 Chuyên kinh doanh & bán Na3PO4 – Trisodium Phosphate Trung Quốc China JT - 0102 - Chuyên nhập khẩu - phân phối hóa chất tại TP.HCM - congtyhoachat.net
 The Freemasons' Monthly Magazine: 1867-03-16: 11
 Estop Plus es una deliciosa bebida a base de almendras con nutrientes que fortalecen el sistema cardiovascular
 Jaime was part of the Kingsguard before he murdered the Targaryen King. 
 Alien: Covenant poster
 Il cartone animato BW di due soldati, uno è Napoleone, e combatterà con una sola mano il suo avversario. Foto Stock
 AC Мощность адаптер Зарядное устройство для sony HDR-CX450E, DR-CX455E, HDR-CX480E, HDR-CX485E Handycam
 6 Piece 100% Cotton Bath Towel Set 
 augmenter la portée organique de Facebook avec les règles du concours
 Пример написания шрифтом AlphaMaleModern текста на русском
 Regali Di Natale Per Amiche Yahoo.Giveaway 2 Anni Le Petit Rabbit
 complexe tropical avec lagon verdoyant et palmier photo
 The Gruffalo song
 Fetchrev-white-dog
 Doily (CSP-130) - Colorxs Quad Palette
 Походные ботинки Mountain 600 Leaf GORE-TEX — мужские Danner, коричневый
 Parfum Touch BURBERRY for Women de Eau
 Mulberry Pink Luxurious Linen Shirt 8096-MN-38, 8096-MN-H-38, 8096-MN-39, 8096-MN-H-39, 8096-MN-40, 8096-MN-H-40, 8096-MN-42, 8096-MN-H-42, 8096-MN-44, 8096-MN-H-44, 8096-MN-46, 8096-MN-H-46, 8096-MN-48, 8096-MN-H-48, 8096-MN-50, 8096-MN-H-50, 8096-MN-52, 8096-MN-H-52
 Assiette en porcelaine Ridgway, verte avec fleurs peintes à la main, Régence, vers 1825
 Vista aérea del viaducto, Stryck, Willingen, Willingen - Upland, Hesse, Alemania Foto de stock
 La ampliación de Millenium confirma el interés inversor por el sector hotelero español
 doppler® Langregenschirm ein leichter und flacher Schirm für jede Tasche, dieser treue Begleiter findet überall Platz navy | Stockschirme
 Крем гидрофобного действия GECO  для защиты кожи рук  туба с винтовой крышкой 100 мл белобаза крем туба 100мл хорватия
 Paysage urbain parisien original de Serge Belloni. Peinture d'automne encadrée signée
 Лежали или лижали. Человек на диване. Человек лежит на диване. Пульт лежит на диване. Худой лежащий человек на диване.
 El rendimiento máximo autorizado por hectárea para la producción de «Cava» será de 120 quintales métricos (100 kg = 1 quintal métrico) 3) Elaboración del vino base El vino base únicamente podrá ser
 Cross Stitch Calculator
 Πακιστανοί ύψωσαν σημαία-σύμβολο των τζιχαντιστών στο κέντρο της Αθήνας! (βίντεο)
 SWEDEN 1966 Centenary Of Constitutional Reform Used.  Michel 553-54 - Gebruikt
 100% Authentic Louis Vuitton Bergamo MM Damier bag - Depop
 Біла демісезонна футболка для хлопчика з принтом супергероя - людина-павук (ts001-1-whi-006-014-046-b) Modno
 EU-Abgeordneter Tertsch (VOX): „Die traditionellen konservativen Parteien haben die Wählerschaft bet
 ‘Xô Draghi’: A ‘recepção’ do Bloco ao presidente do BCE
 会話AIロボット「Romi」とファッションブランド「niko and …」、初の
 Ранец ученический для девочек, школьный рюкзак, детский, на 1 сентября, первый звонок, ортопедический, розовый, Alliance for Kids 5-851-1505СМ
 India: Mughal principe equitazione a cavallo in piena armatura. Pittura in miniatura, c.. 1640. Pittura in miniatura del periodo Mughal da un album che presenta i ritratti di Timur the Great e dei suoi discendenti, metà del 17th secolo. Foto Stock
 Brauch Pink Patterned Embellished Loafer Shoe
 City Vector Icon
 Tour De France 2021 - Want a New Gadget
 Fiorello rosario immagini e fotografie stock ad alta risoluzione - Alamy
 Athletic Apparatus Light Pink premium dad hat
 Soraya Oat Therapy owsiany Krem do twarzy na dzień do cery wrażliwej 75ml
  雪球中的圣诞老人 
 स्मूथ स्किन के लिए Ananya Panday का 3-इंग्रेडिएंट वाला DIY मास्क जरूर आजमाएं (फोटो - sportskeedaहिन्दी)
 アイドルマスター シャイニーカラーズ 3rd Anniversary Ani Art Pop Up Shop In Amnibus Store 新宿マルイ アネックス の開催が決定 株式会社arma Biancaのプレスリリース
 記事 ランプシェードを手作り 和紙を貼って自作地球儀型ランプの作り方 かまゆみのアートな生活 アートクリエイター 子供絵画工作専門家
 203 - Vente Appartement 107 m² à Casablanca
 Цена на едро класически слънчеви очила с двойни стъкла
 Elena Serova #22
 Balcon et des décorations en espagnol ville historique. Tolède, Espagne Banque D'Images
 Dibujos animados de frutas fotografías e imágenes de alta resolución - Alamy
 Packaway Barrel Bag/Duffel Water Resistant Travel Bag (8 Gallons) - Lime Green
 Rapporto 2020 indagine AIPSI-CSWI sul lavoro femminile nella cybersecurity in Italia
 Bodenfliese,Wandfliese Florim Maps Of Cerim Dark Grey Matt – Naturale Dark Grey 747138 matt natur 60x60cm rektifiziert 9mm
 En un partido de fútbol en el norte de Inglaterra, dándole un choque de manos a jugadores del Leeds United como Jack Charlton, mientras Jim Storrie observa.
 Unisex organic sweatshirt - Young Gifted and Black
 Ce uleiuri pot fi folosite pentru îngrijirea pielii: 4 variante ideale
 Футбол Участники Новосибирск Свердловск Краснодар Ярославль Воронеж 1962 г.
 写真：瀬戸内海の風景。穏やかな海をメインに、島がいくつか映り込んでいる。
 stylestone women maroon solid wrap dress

# # # # #

Return only the lines of the records in which the string "alta" appears.

 Fiorello rosario immagini e fotografie stock ad alta risoluzione - Alamy
 Dibujos animados de frutas fotografías e imágenes de alta resolución - Alamy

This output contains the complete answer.